Directions:
As soon as the line containing "Tonight they were" appears in the material below, start returning lines exactly, and end with the line containing "A plate with".

Given data:
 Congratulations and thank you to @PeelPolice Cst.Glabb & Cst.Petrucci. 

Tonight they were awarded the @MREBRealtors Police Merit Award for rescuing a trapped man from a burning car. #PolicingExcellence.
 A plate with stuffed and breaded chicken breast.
* * *
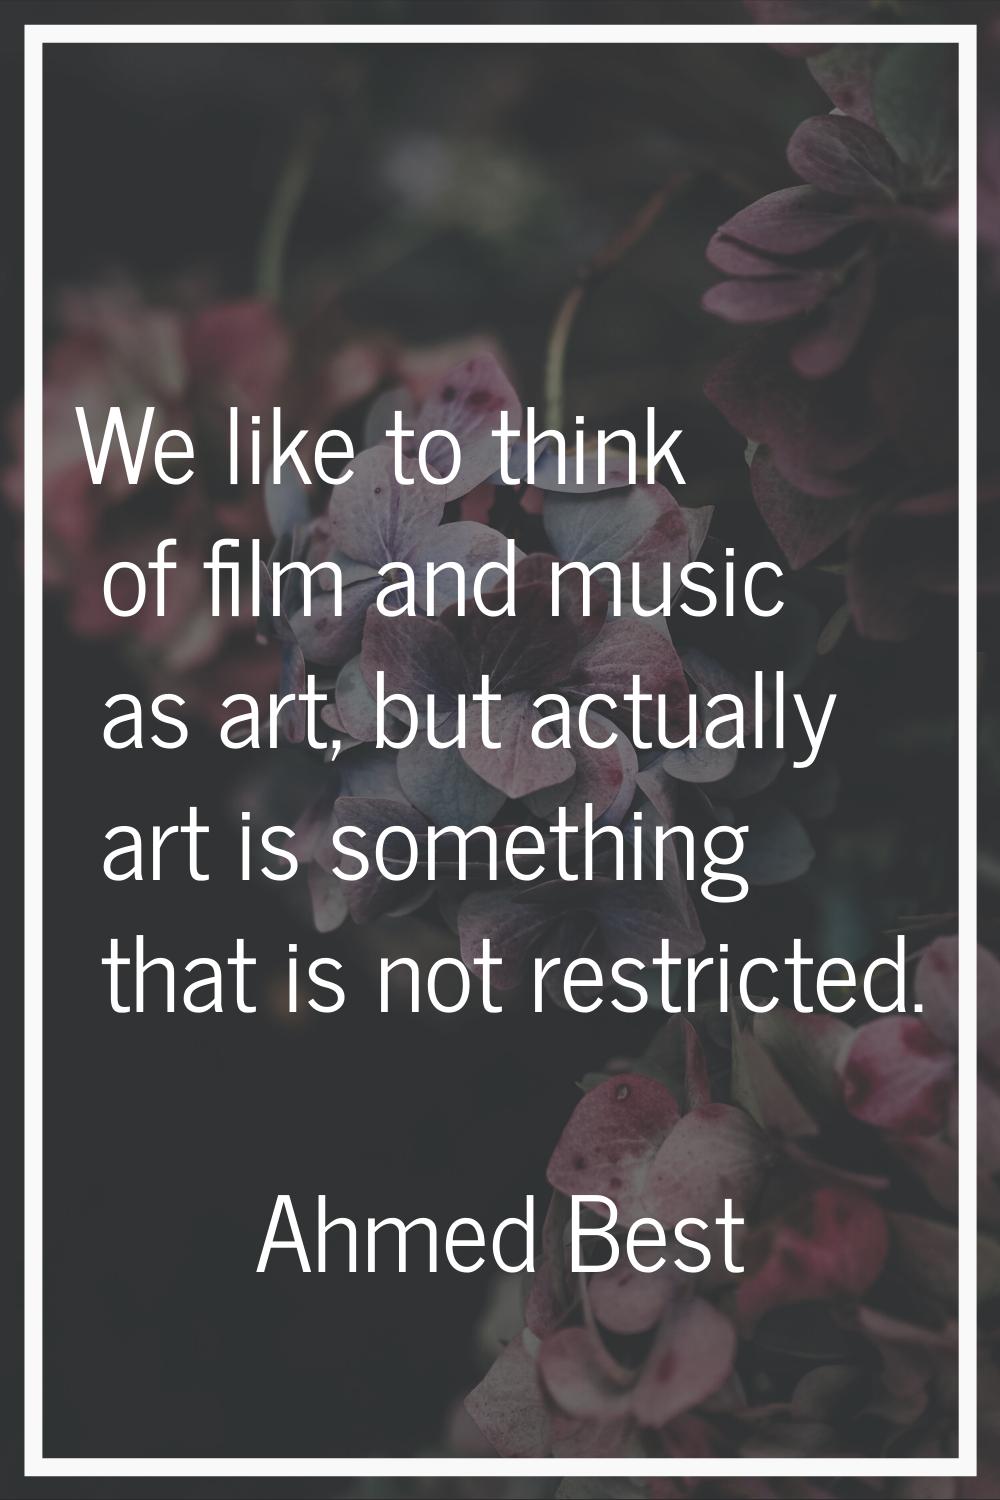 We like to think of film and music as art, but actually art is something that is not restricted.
---
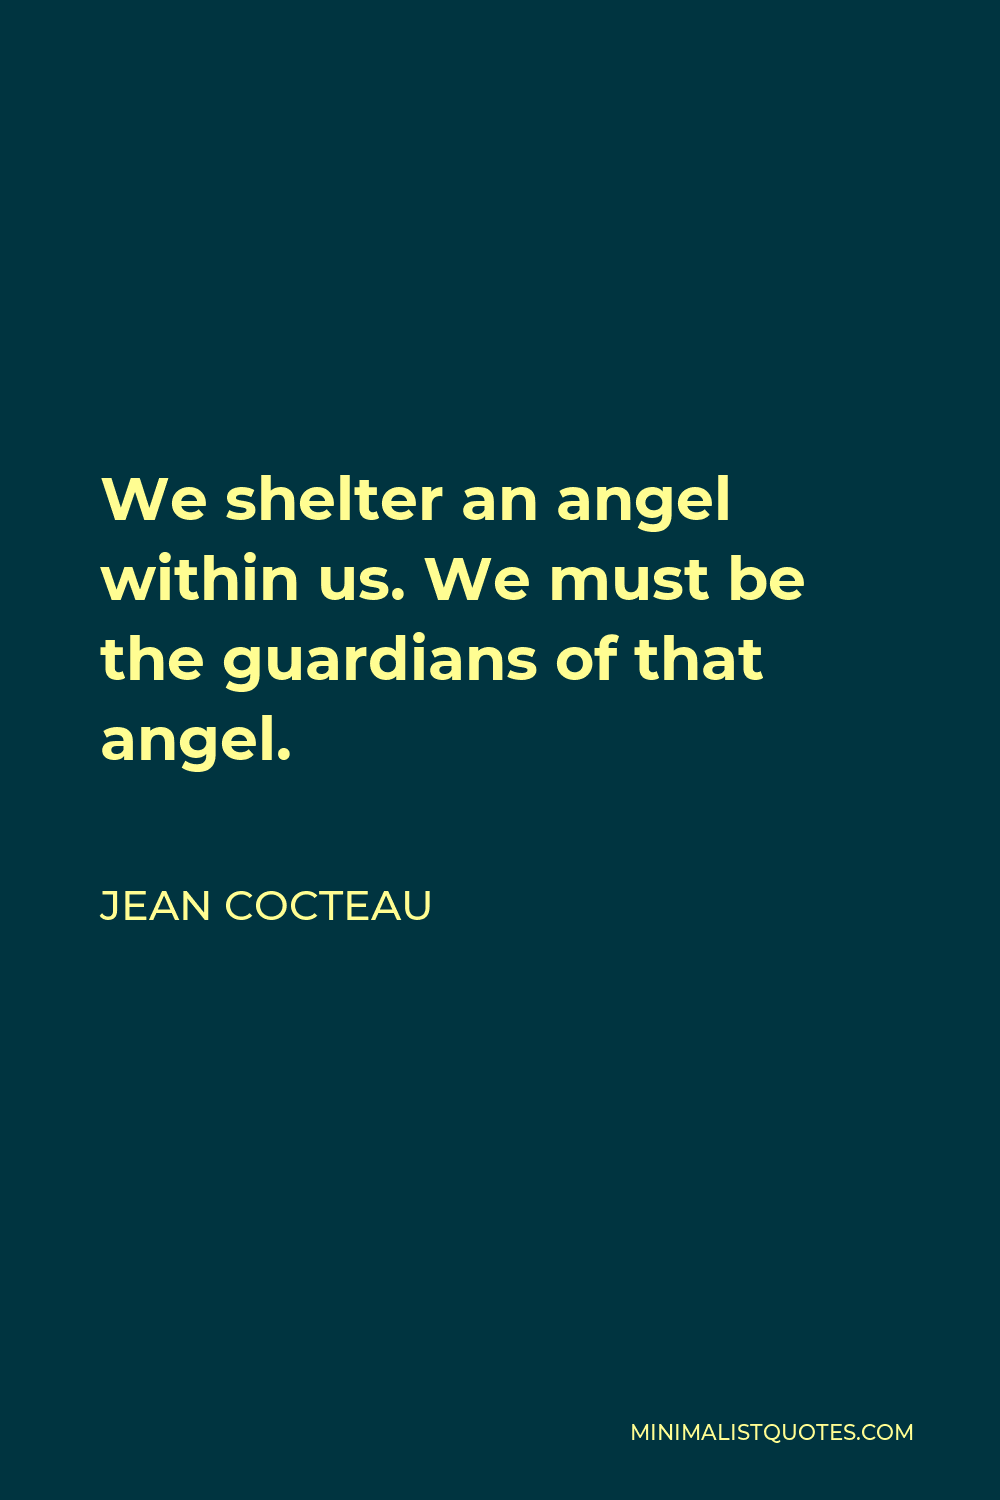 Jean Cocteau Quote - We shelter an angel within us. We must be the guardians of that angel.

Response:
Tonight they were awarded the @MREBRealtors Police Merit Award for rescuing a trapped man from a burning car. #PolicingExcellence.
 A plate with stuffed and breaded chicken breast.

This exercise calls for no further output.